USU  Quinn, Moody and McGinty

From left, Utah State University researchers Jason Quinn, Jeff Moody and Chris McGinty.

Moody, McGinty and Quinn’s research was supported by the U.S. Department of Energy to leverage a large-scale, outdoor microalgae growth model. These USU researchers used meteorological data from 4,388 global locations to find the global productivity potential of microalgae. Previous to this research, resource assessments of microalgae based biofuel production systems were taken from laboratory-scale data.

Moody, McGinty, and Quinn’s research included biological effects, geographical location and cultivation agriculture to assess lipid and biomass productivity potential of microalgae cultivated in a traditional closed-system photobioreactor.

Solix Photobioreactor

At a pilot plant facility at Coyote Gulch outside Durango, Colo., microalgae is grown for biofuel production. Photo credit Solix BioSystems.

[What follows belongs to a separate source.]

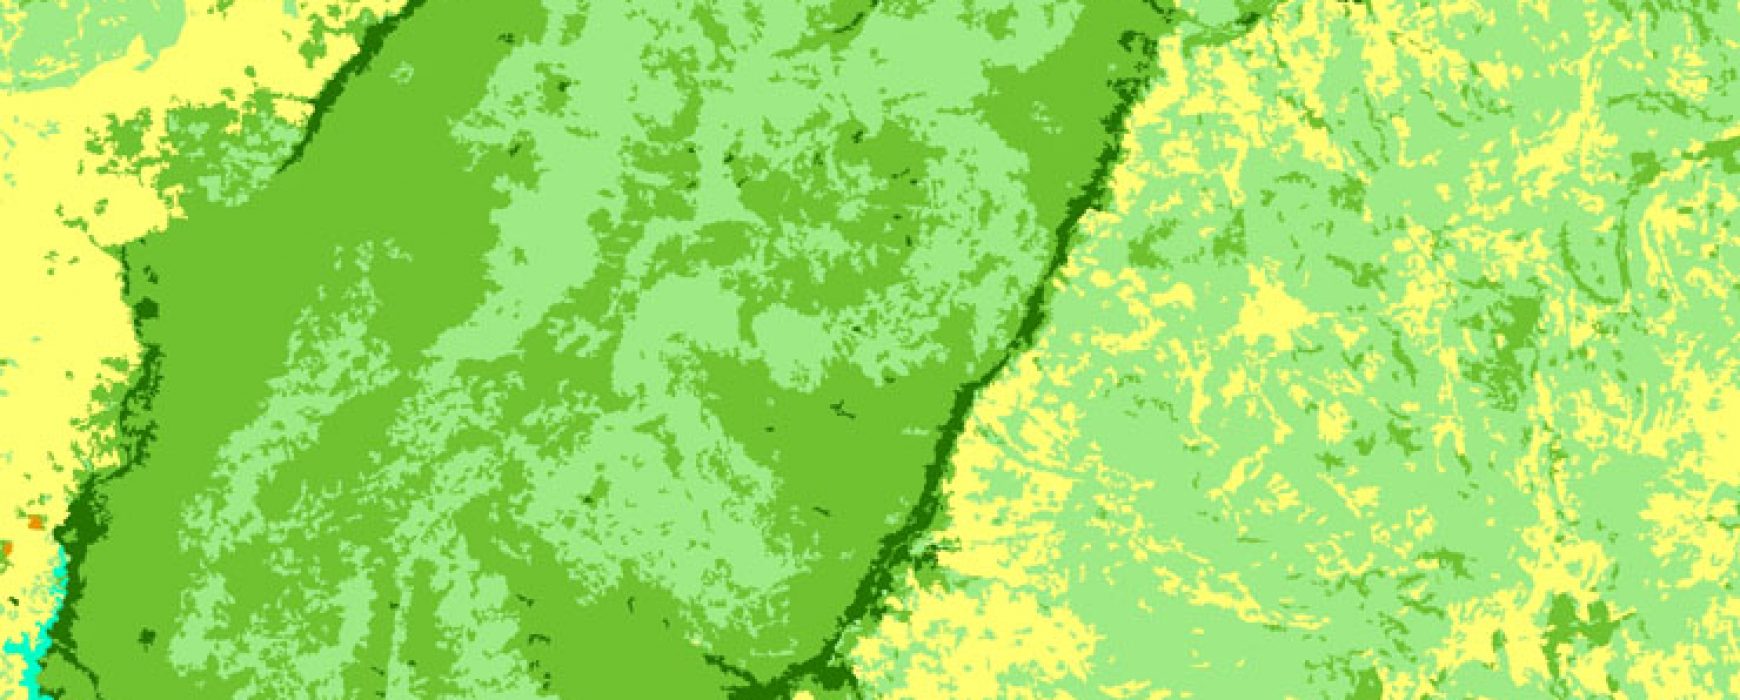 Land cover database, BURKINA FASO

These USU researchers drew conclusions on two fronts:

  • Global Productivity Potential and Variability Closed photobioreactor systems represents a promising production system compared to open raceway pond based on increased stability and improved volumetric productivity from extended surface area and a short light path. Moderate climate diversity aided by closed-systems allows for less infrastructure changes throughout the year. A change in temperature in any direction causes a negative impact on biomass and lipid productivity.
  • Scalability – When water, nutrients and CO2 are not limiting, significant fractions of the transportation fuel requirements can be met by algae. In their research, on a conservative level, algae yielded 2,500 gallons of biofuel per acre per year in contrast to corn (435 gallons) and soybeans (66 gallons). They conclude Brazil, Canada, China, and the U.S. could produce enough algae biofuel to supplement more than 30 percent of those countries’ fuel consumption.

“Our findings will help to justify the investment in technology development and infrastructure to make algal biofuel a viable fuel source,” said Moody.